How to Avoid the Hype and Make a Success of Crypto Investing

To the outside observer, the crypto markets must look extremely schizophrenic. One moment coins are experiencing all time highs. Next, the news is devoted to the recent dip.

Who in their right mind would want to partake in such a volatile market? Well, like me, many believe that crypto could help usher in one of the greatest transfers of wealth seen for a generation.

Those who got in early, have already seen their personal wealth bloom. Some into the $millions. However, it’s also a very volatile space, and getting your investment strategy wrong could easily see you lose your shirt.

Comparing crypto to other investments

When comparing Crypto to other forms of investment there are some common characteristics. It’s a bit like Forex in that you are trading currencies for one another. The major difference is its relative nascency when compared to FX. In this sense, it’s more akin to investing in penny stocks.

You do have your “blue chip” coins at the top but even those are wrought with volatility that makes investing a gamble much of the time. Unlike stocks and shares however, coin holders are just that, holders of a digital asset. There is no equity ownership relative to the share of your purchase. Most people invest in these assets speculating that their price against Bitcoin or the US Dollar will go up.

Technically the only thing that determines the price of a coin is supply and demand. If there are more buyers than sellers, the price will go up. External correlation to price is debatable but typically strong announcements about growth, new partnerships, etc. will help drive new interest in a project, which in turn will often cause the price to increase.

It’s why more sophisticated investors will look for strong fundamentals like use-cases, team, product, and roadmap, among other things, to determine whether or not an asset is worth investing in.

Why Crypto is so volatile

Ultimately, emotion and sentiment drive the volatility of cryptocurrency assets. The slightest piece of bad news can shift sentiment, bring about fear, and cause a downturn in the market.

Liquidity also adds to the volatility. Although the overall crypto market cap has recently reached new heights at over $1T, it is staggeringly illiquid and has a low market cap in comparison to other major financial markets. For example, the market cap of gold is $11.95T on its own. The NASDAQ market cap is around $15T. Further, the Forex markets print daily volumes in the trillions as well, compared to the roughly $89B in daily volume of the entire crypto market at the time of writing.

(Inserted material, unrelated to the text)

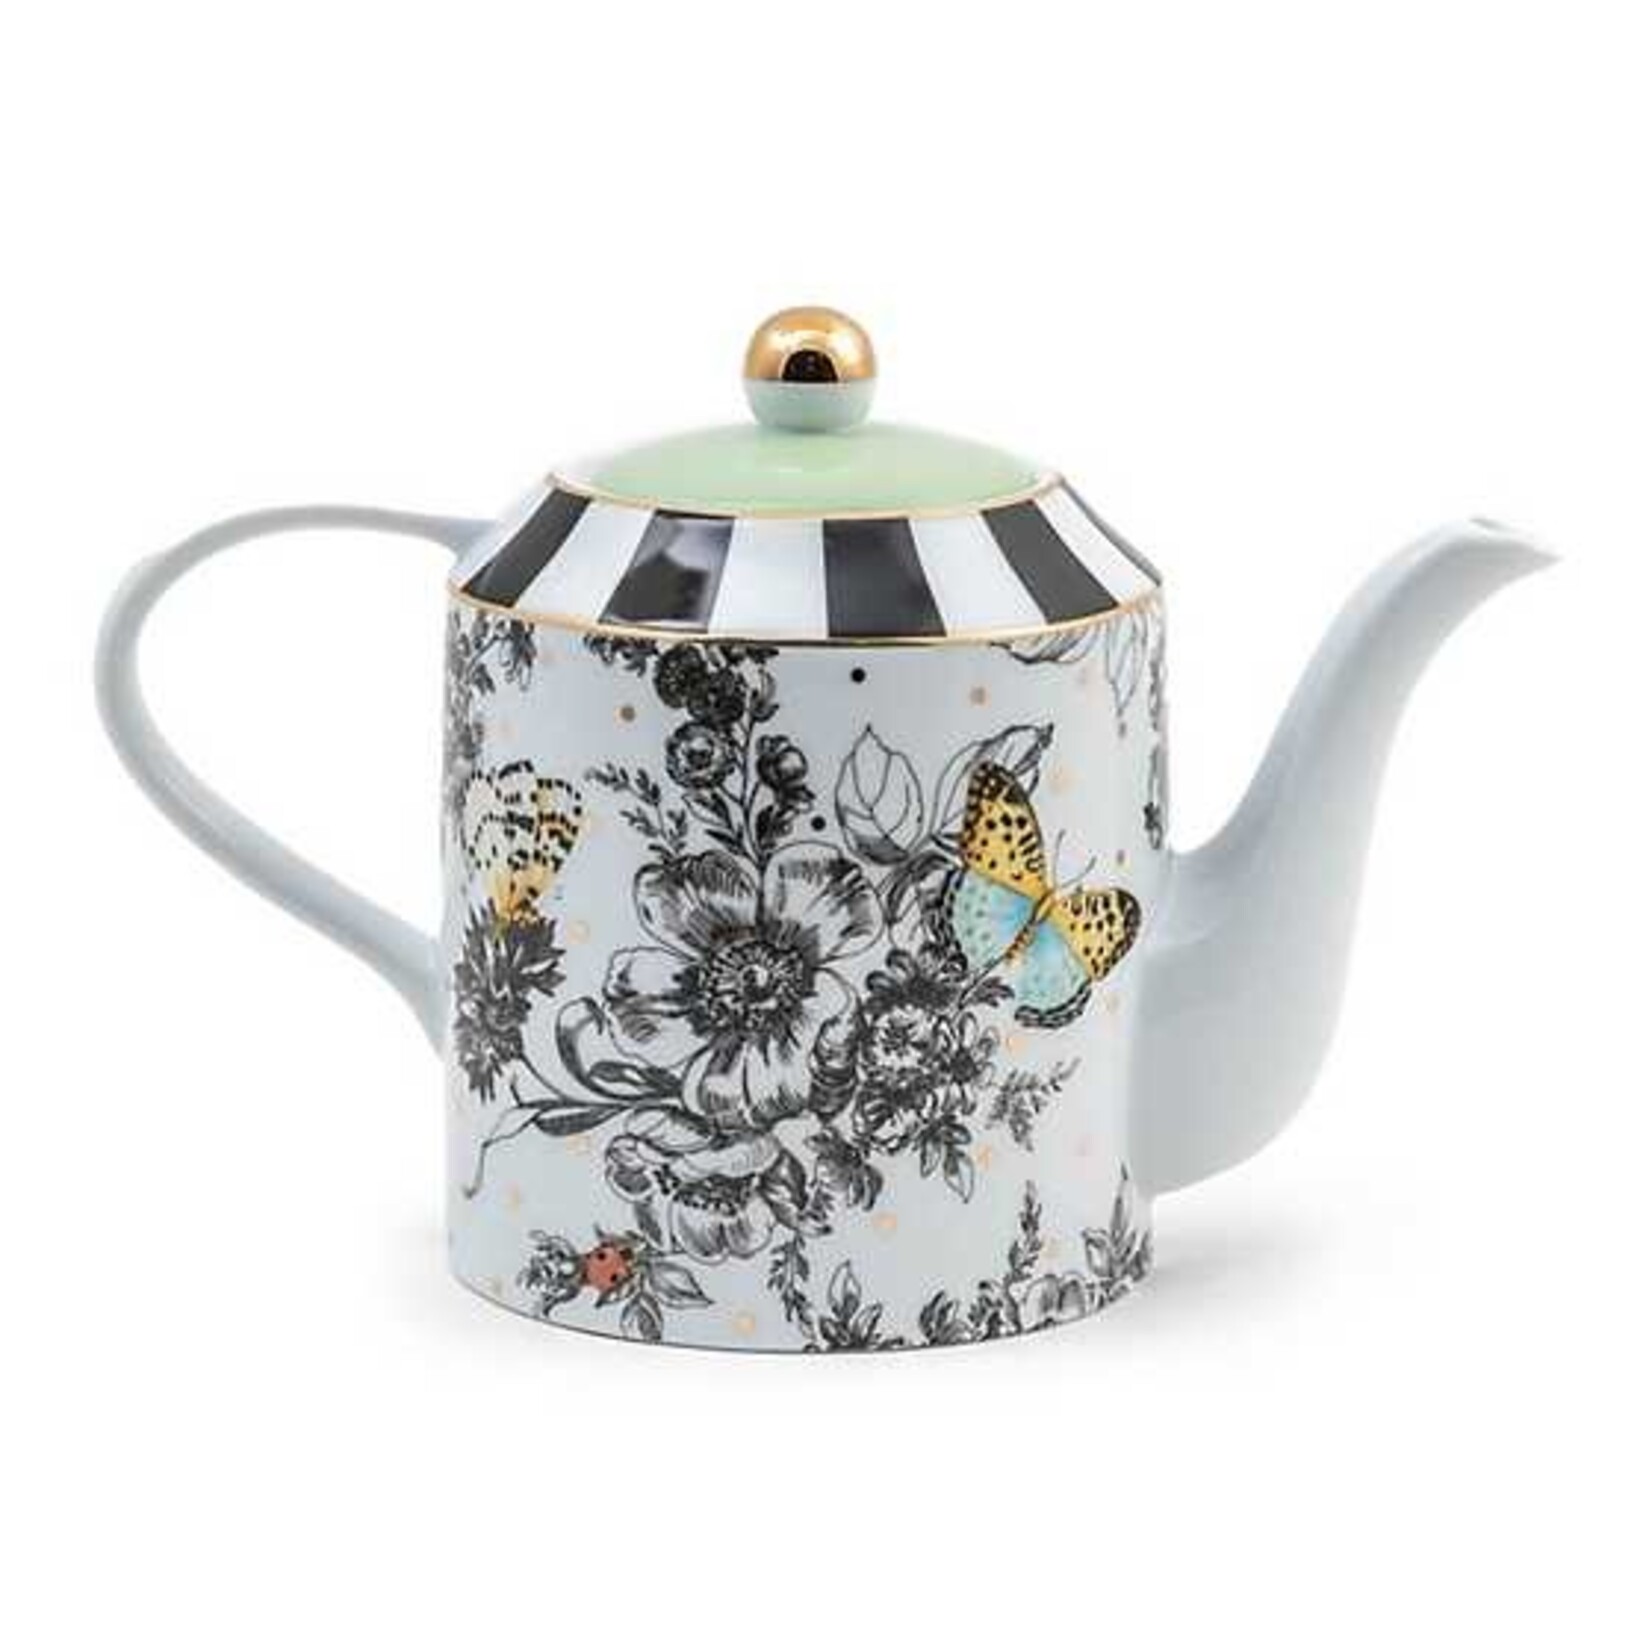 MacKenzie-Childs butterfly toile teapot

This disparity means that large buy and sell orders on the crypto market will create massive fluctuations in price. Until crypto compares to other financial markets, this volatility will continue. But this is also why people are so attracted to crypto because it has a lot of room to grow.

What to look for and what to avoid

I’m primarily a fundamental investor. I look for projects with a strong, public-facing team that has a history of success in both easy and difficult times. I try to find coins whose market cap is low and where the tokenomics support growth.

That means, there is no absurd rate of coin production or APY for staking. Projects that are producing millions of coins a day to offer their users 1000%+ ROI are Ponzi schemes and will die incredibly fast.

The biggest red flag is an anonymous team. If the people behind a project are not willing to publicly reveal themselves, it’s likely they are unsavory characters and potential bad actors who will pull the rug from under investors to make a quick profit.

I look for products that have an actual use-case. Even if the use-case is many years from being adopted, it’s important to see that code is being deployed and a team is working on it regularly.

There is, of course, much more to proper due diligence and for this reason, I end up skipping and in some cases, missing opportunities. But I’d rather make educated, long-term plays than gamble.

You Don’t Need to Day Trade to Earn from Crypto

What many don’t realise is, you don’t need to trade to invest in crypto. There are a plethora of ways of getting involved that suit different tolerances to risk, many of which don’t require day trading.

The best strategies are those that allow users to earn an income as a result of their participation in the network. Investing in high-quality staking and masternode projects is one such example. By staking, users can effectively dollar cost average into their positions, lowering their overall downside risk.

The best thing any investor can do is continuously learn and always manage risk accordingly. Never get into situations where you take on more than you can afford if everything went to $0, and consistently take profits when you feel it’s appropriate.

By Nick Saponaro, Co-Founder & CIO at decentralized payment ecosystem, Divi Project

About Nick Saponaro, Co-Founder and CIO, The Divi Project

Nick Saponaro is an entrepreneur, crypto enthusiast, and keynote speaker who joined Divi in 2017 as a full stack developer and was quickly invited to become a co-founder of the fledgling business.

As CIO he is responsible for Divi Core – all of the company’s web services, client-facing apps, and protocol development that will actualise Divi’s mission; to make crypto easy and drive its mainstream adoption.